#### Information supplied ####
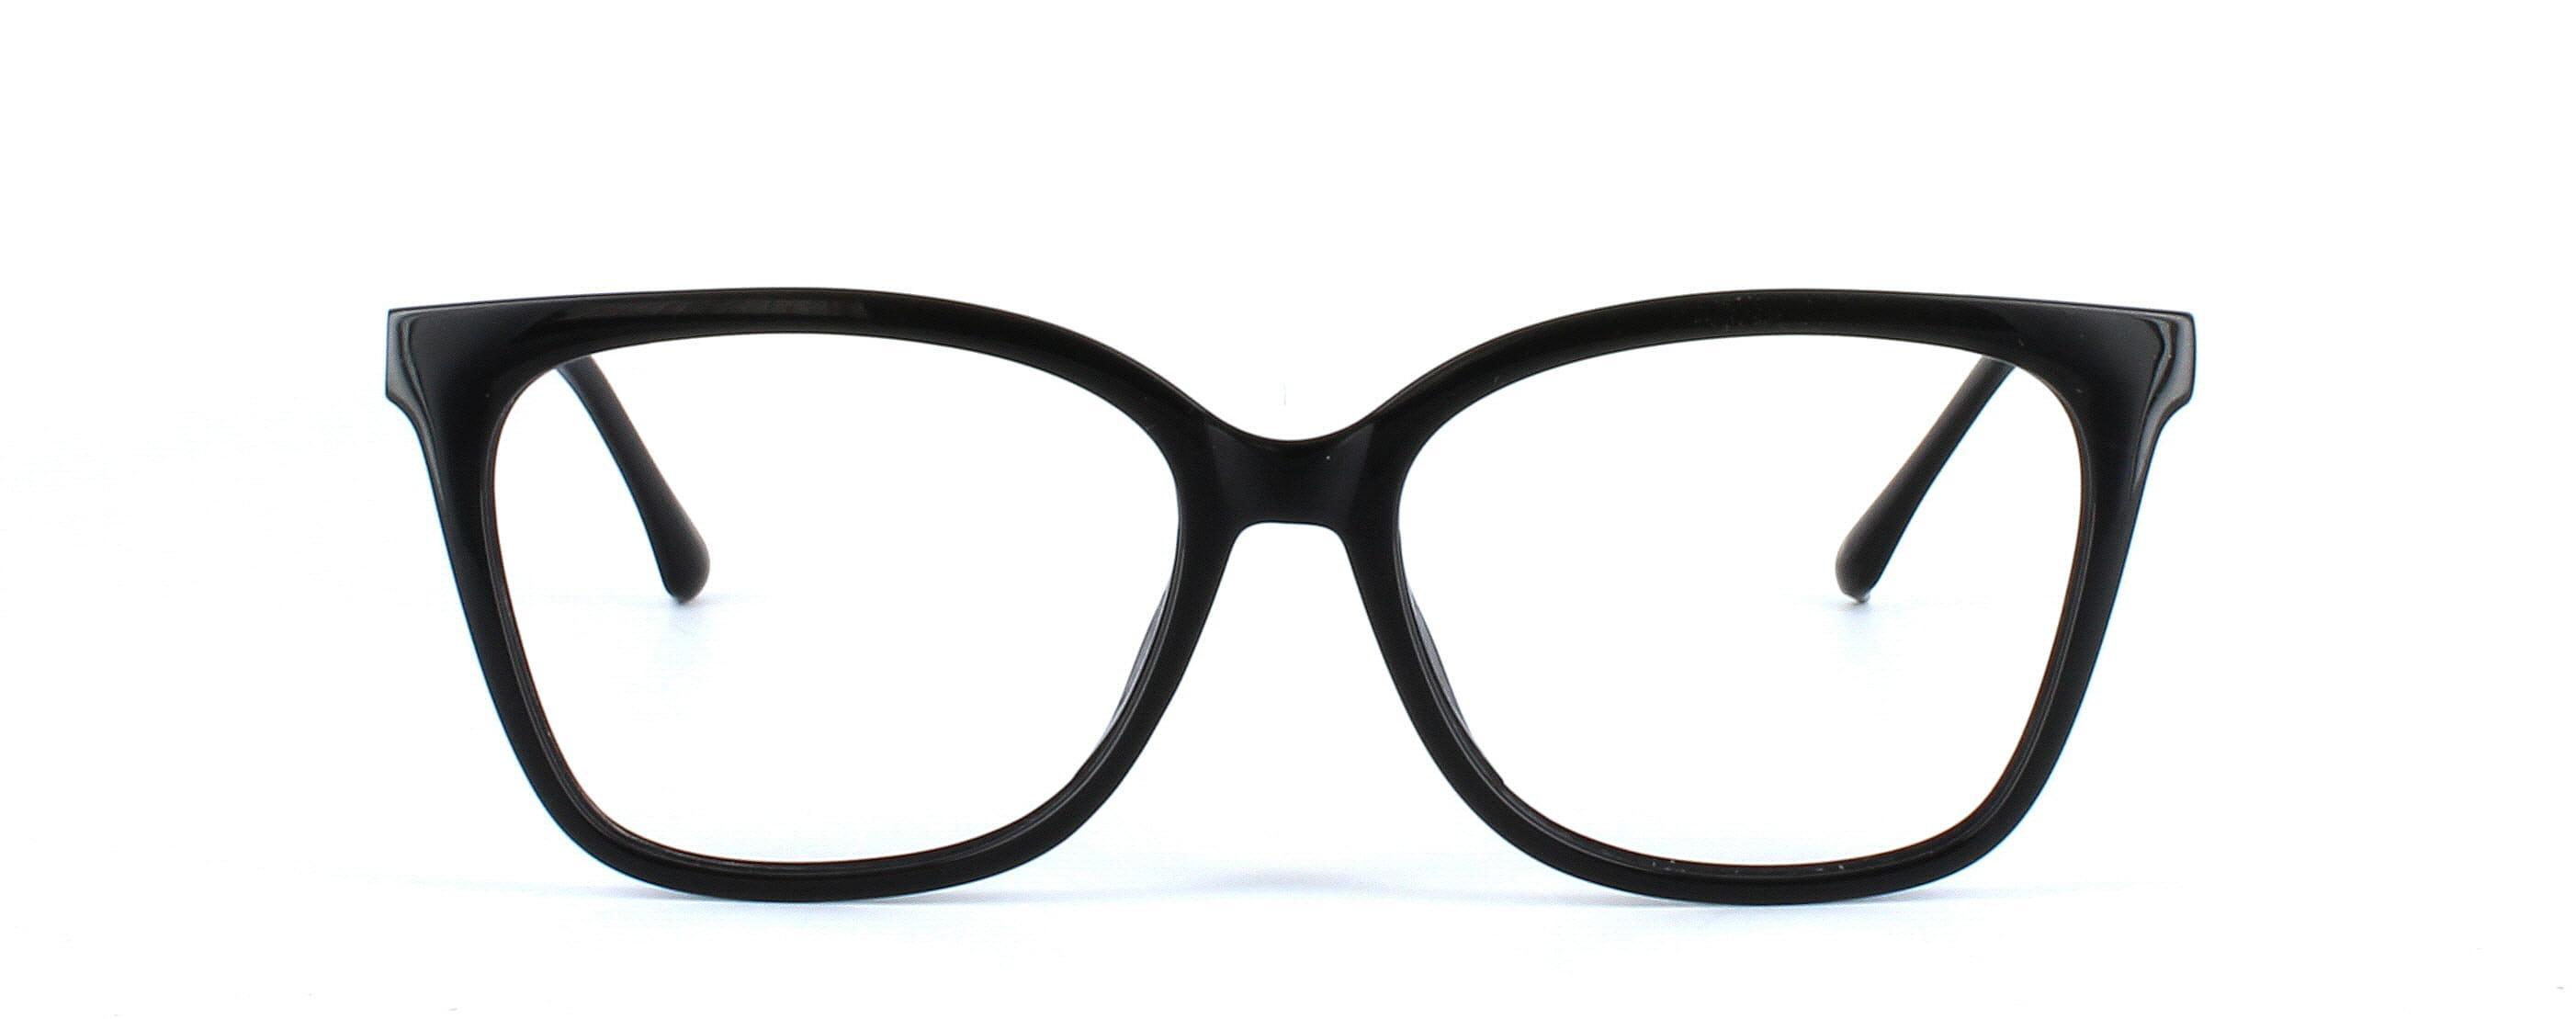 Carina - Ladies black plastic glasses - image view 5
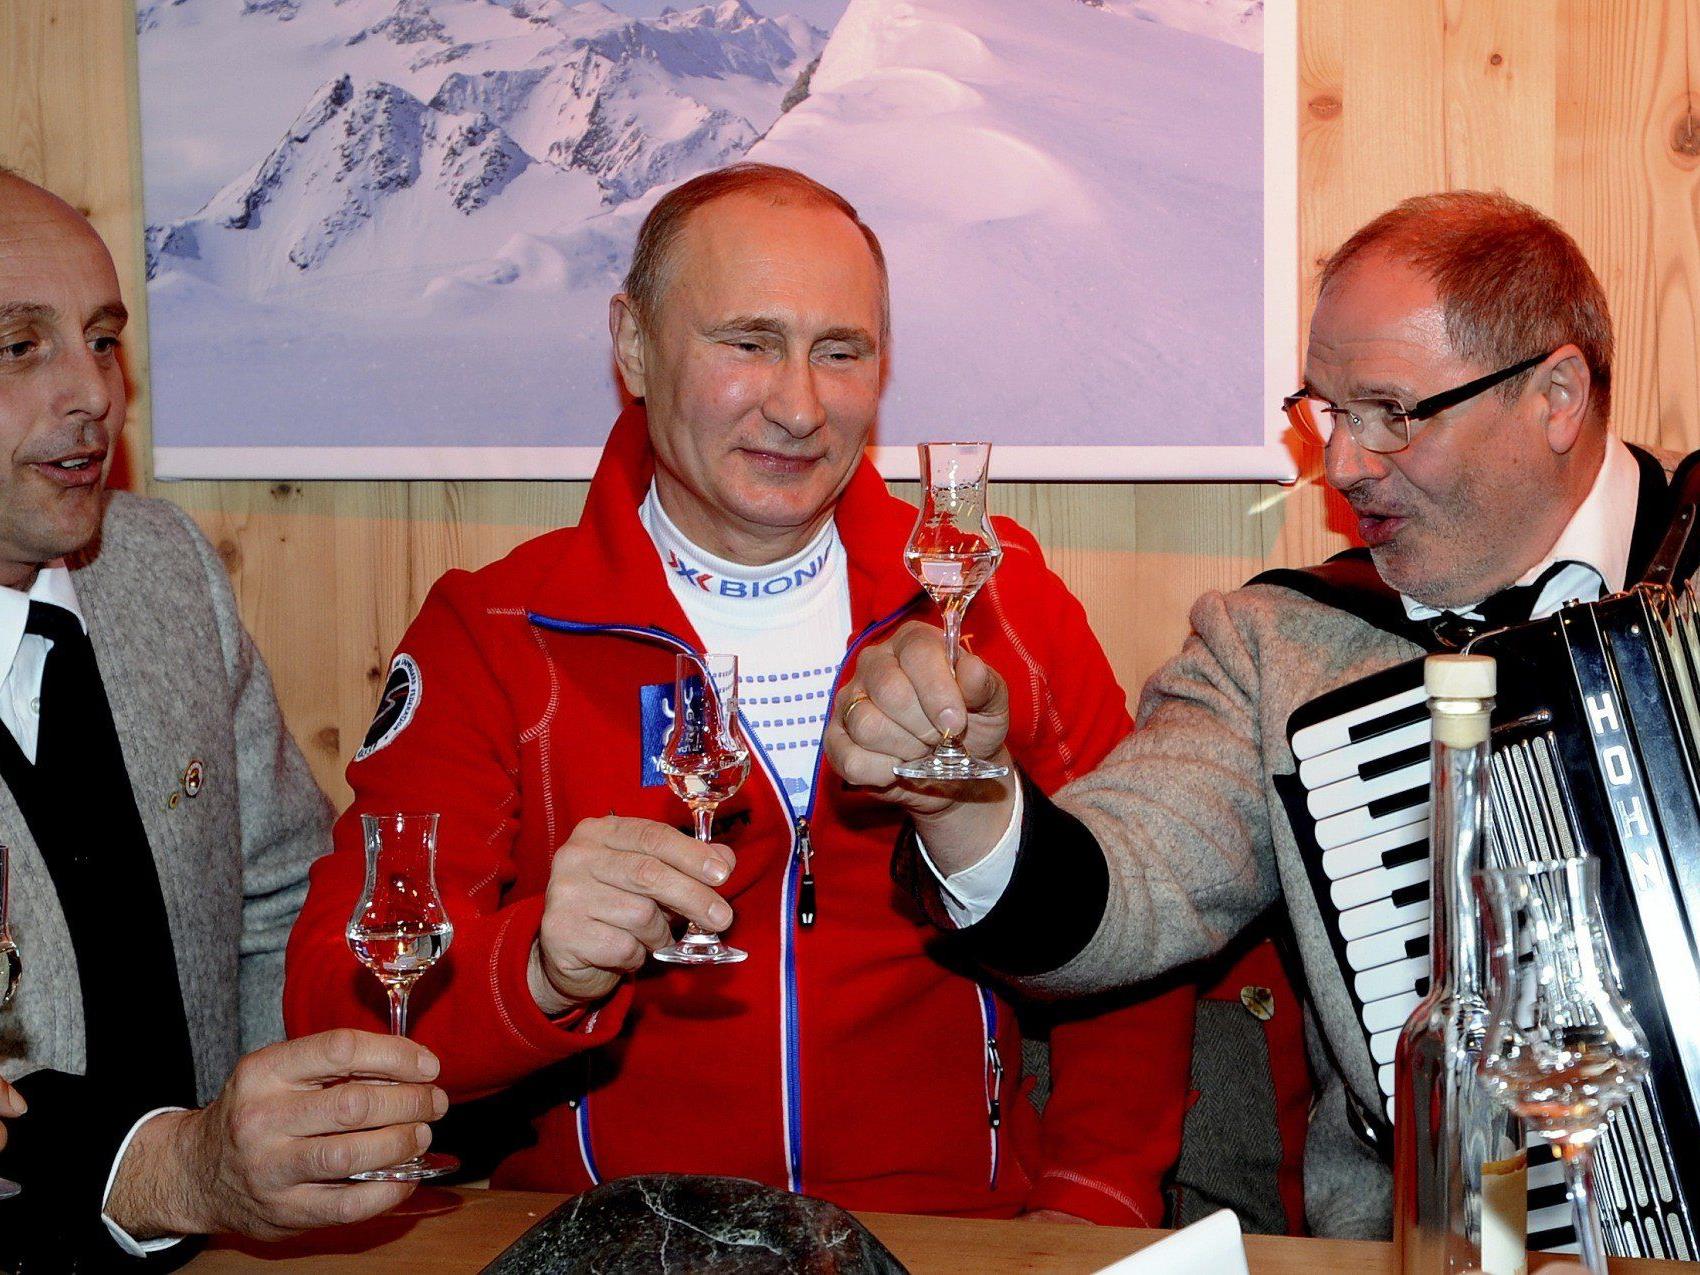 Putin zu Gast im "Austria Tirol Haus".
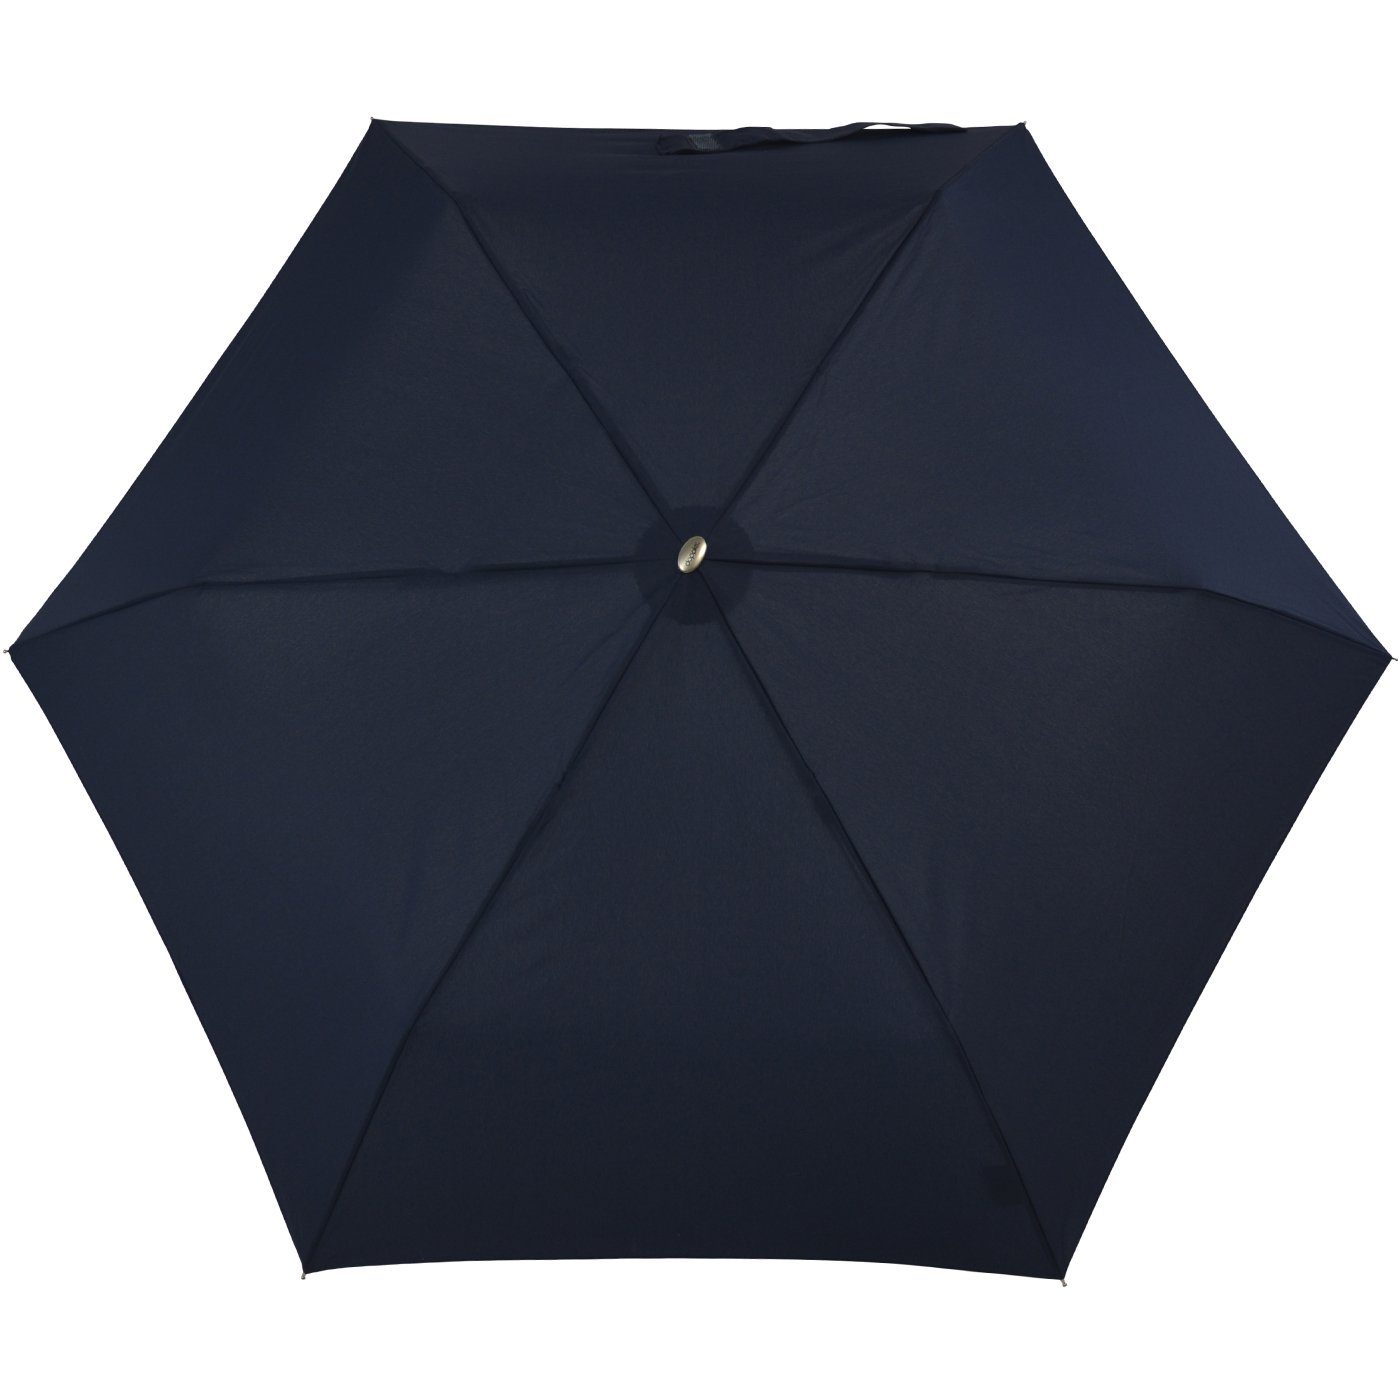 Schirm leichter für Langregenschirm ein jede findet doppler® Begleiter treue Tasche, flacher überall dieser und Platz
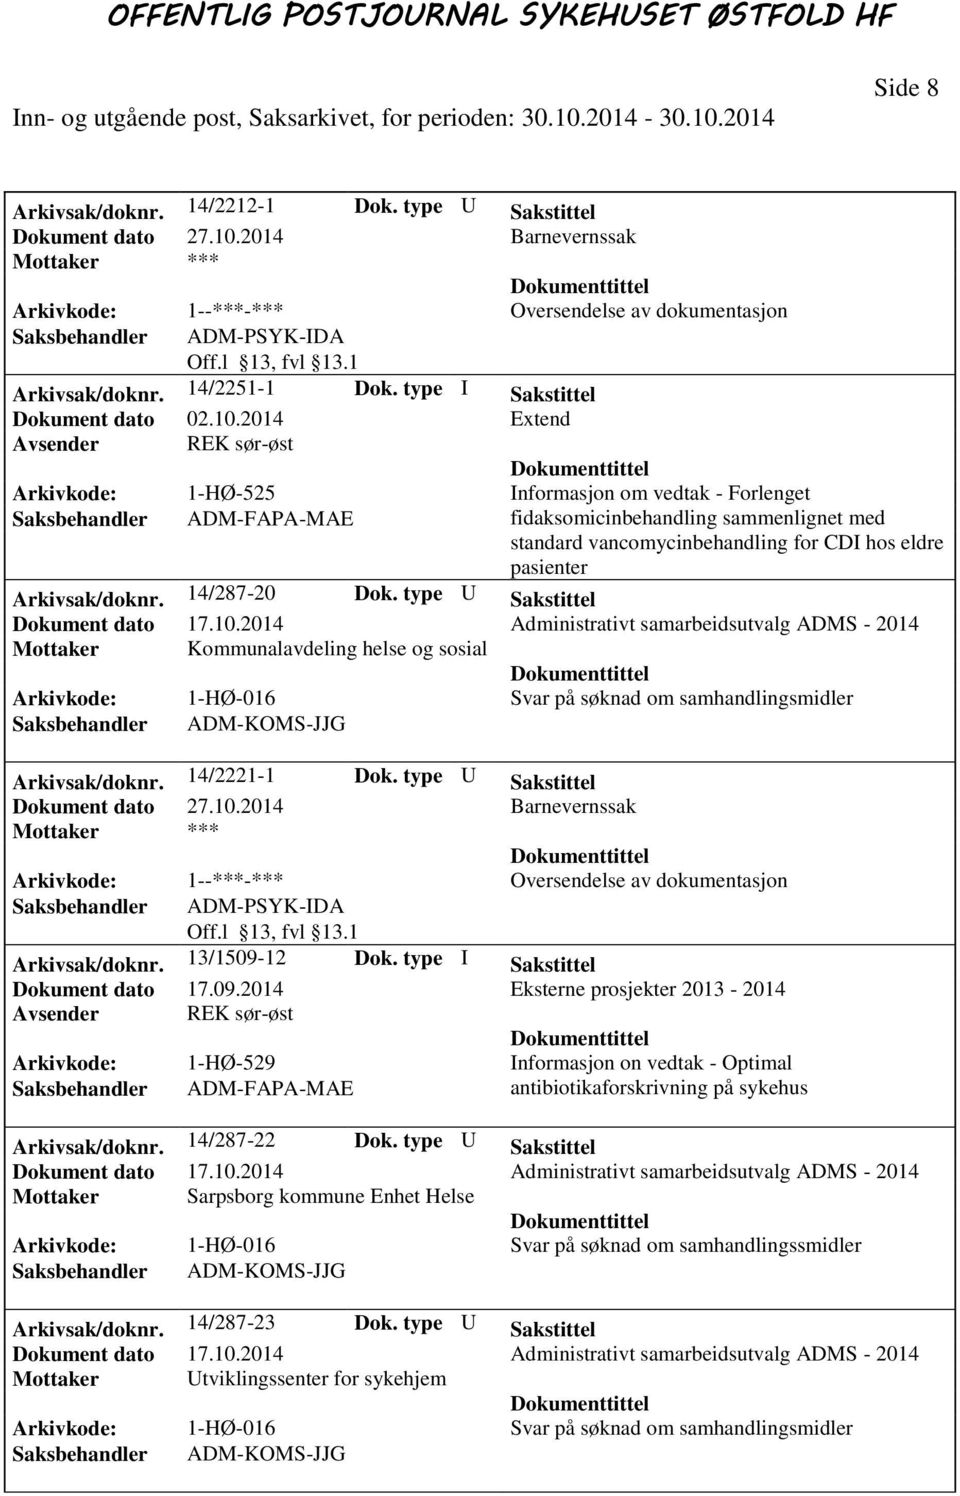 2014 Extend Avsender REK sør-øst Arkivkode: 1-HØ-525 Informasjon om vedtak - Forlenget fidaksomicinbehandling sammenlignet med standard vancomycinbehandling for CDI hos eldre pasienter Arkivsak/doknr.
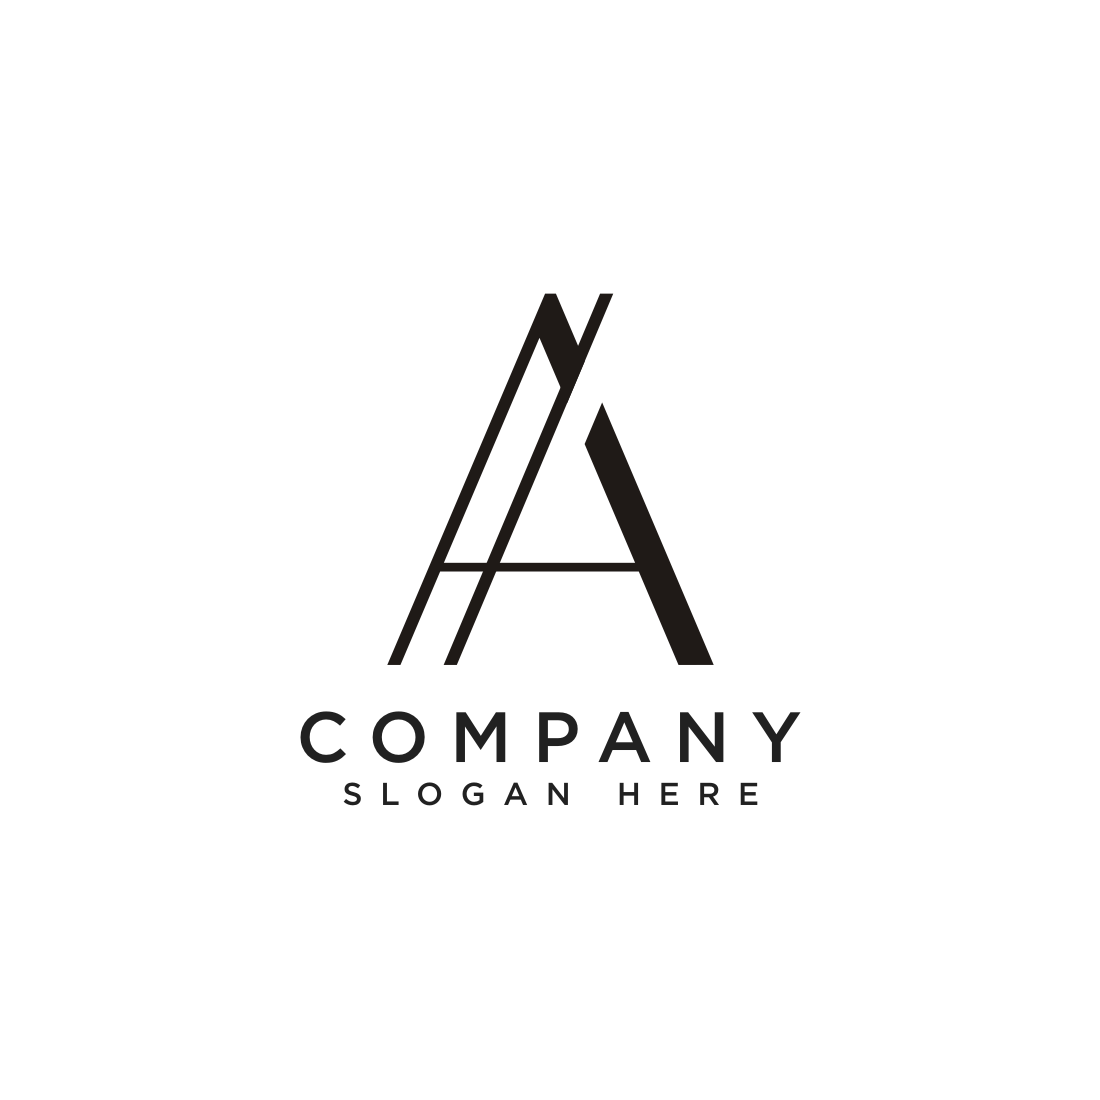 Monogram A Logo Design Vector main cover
####
How to complete this task: Everything in the listing should be repeated exactly except the pictures.

Exercise answer:
 Carina - Ladies black plastic glasses - image view 5
 Putin zu Gast im "Austria Tirol Haus".
 Schirm leichter für Langregenschirm ein jede findet doppler® Begleiter treue Tasche, flacher überall dieser und Platz
 2014 Extend Avsender REK sør-øst Arkivkode: 1-HØ-525 Informasjon om vedtak - Forlenget fidaksomicinbehandling sammenlignet med standard vancomycinbehandling for CDI hos eldre pasienter Arkivsak/doknr.
 Monogram A Logo Design Vector main cover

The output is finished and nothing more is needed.